The rough cut of 'Real Tears' was stunning, and I hooked the band up with Jimmy at Matinee. The rest is a mystery...
'Real Tears' is a storming debut; a dark tale of love, the certainty of death and loss set in the north of England. Like the best Guild League songs, it takes in numerous locations, and has a middle bit that borders on the funky. It's like Tindersticks after they've won the lottery, like The Lucksmiths had they grown up in a decaying British industrial city rather than the scorched south of Australia.

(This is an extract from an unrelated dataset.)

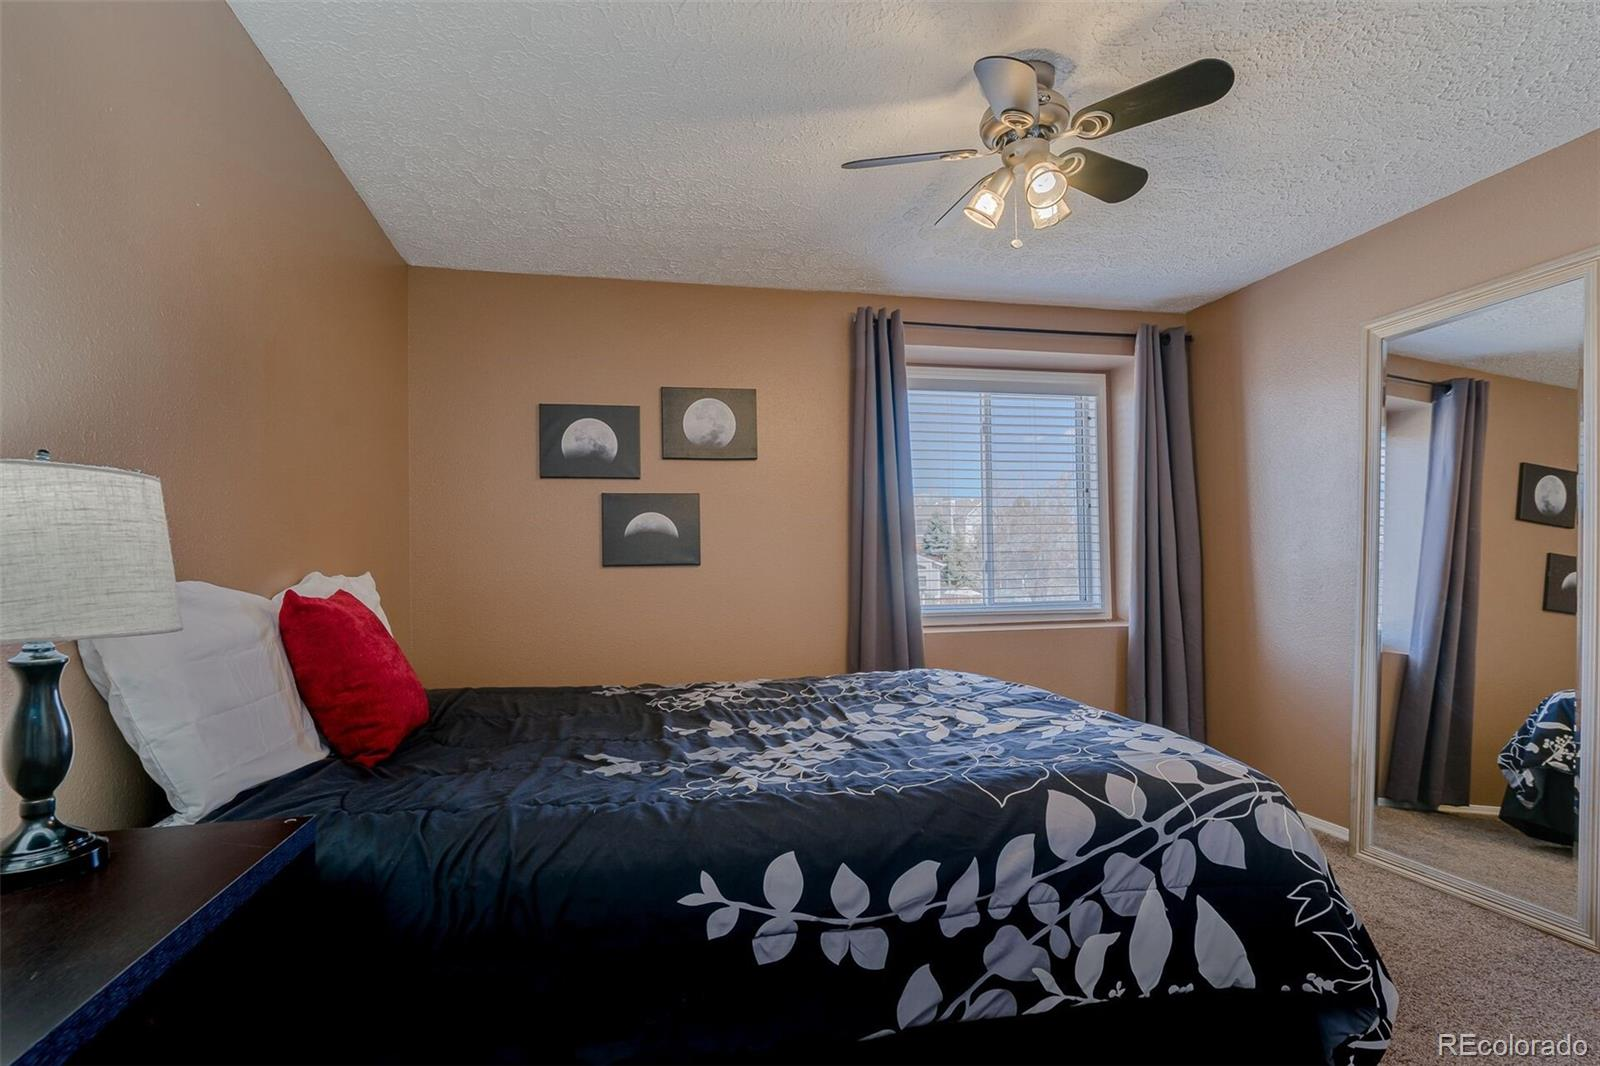 MLS# 8425770 - 35 - 6925 Battle Mountain Road, Colorado Springs, CO 80922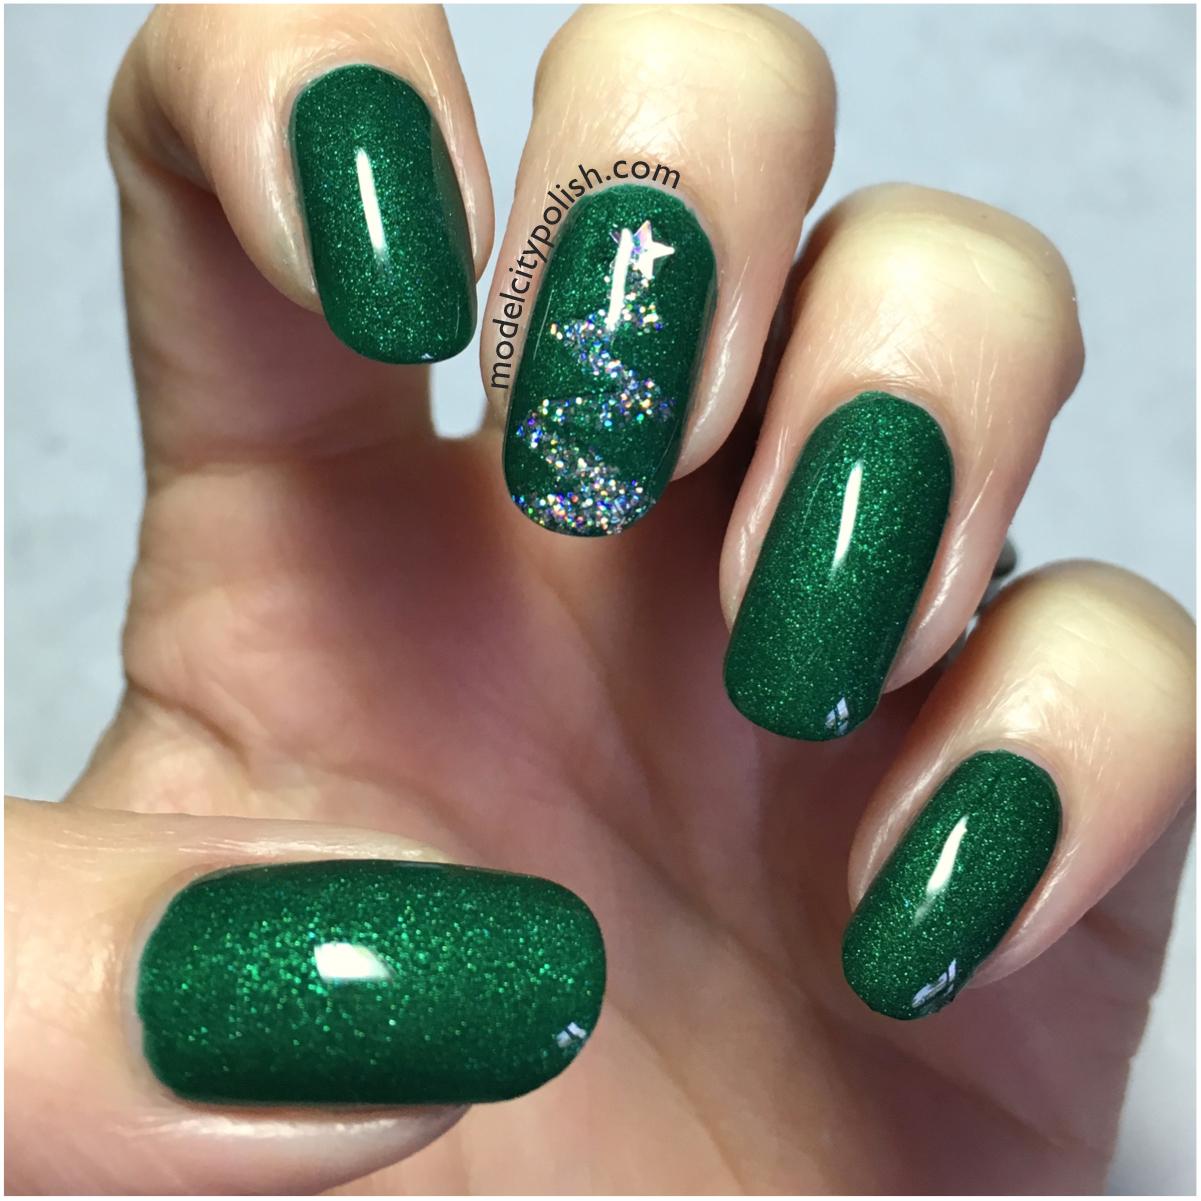 Christmas Tree Nails Design: Challenge Your Nail Art

Its lyrics remind me so much of when I lived on the dole in Nottingham in the mid-90s, and the trials, tiny triumphs and tears that time brought.It's a triumph of five people capturing a moment and time in three minutes, like all the best seven inch singles.
On t'other side 'Oh Buoy', in which Tom whispers a love song to a near perfect-pop backdrop, with Leanne's harmonies and Ian's guitar weaving a beguiling spell. Ian even breaks out a guitar solo at one point, and you can almost imagine Seabirds playing to a couple of thousand people. It's the more instant of the two songs, but there's no hierarchy here - just two songs on one quite glorious debut single.
The lesson of all this? Go to the pub more often, obviously.